In order to make the objects, technical solutions and advantages of the present invention more apparent, the present invention is described in further detail below with reference to the accompanying drawings and embodiments. It should be understood that the detailed description and specific examples, while indicating the preferred embodiment of the invention, are intended for purposes of illustration only and are not intended to limit the scope of the invention. The components of embodiments of the present invention generally described and illustrated in the figures herein may be arranged and designed in a wide variety of different configurations.

Thus, the following detailed description of the embodiments of the present invention, presented in the figures, is not intended to limit the scope of the invention, as claimed, but is merely representative of selected embodiments of the invention. All other embodiments, which can be derived by a person skilled in the art from the embodiments of the present invention without making any creative effort, shall fall within the protection scope of the present invention.

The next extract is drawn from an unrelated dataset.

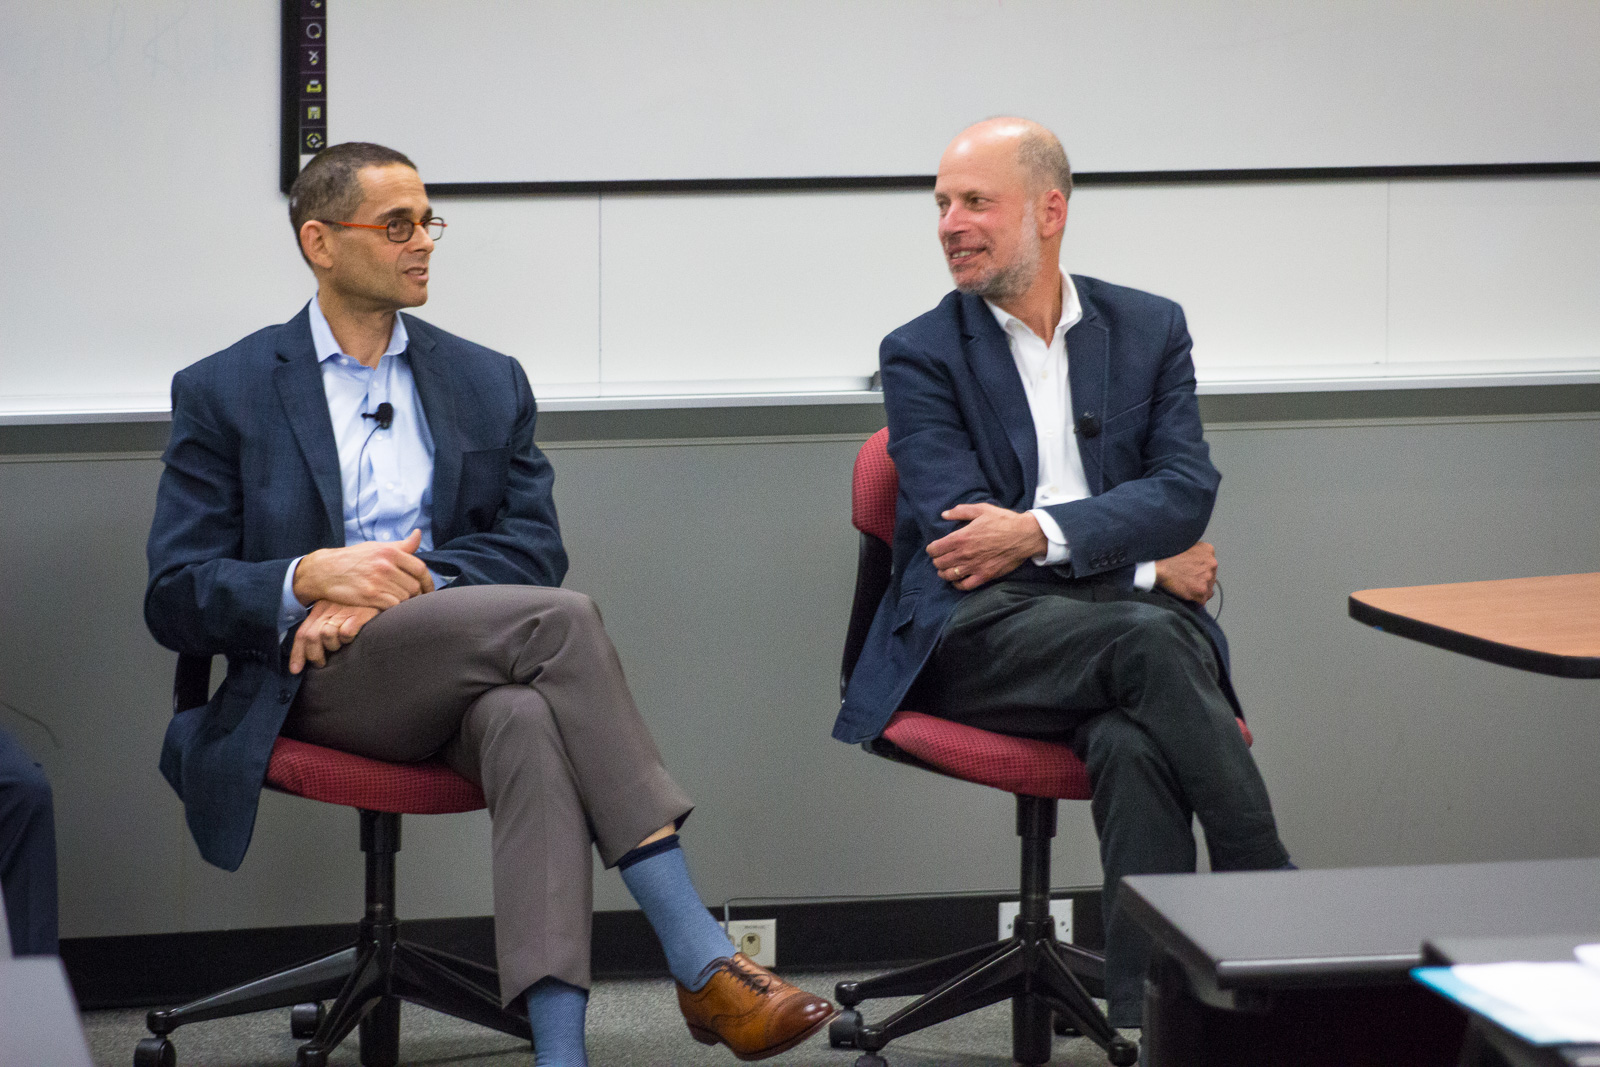 Professor Mark Rosen and Dean Krent at Constitution Day panel

It is noted that relational terms such as "first" and "second," and the like, may be used solely to distinguish one entity or action from another entity or action without necessarily requiring or implying any actual such relationship or order between such entities or actions. Also, the terms "comprises," "comprising," or any other variation thereof, are intended to cover a non-exclusive inclusion, such that a process, method, article, or apparatus that comprises a list of elements does not include only those elements but may include other elements not expressly listed or inherent to such process, method, article, or apparatus. Without further limitation, an element defined by the phrase "comprising an … …" does not exclude the presence of other identical elements in a process, method, article, or apparatus that comprises the element.

The features and properties of the present invention are described in further detail below with reference to examples.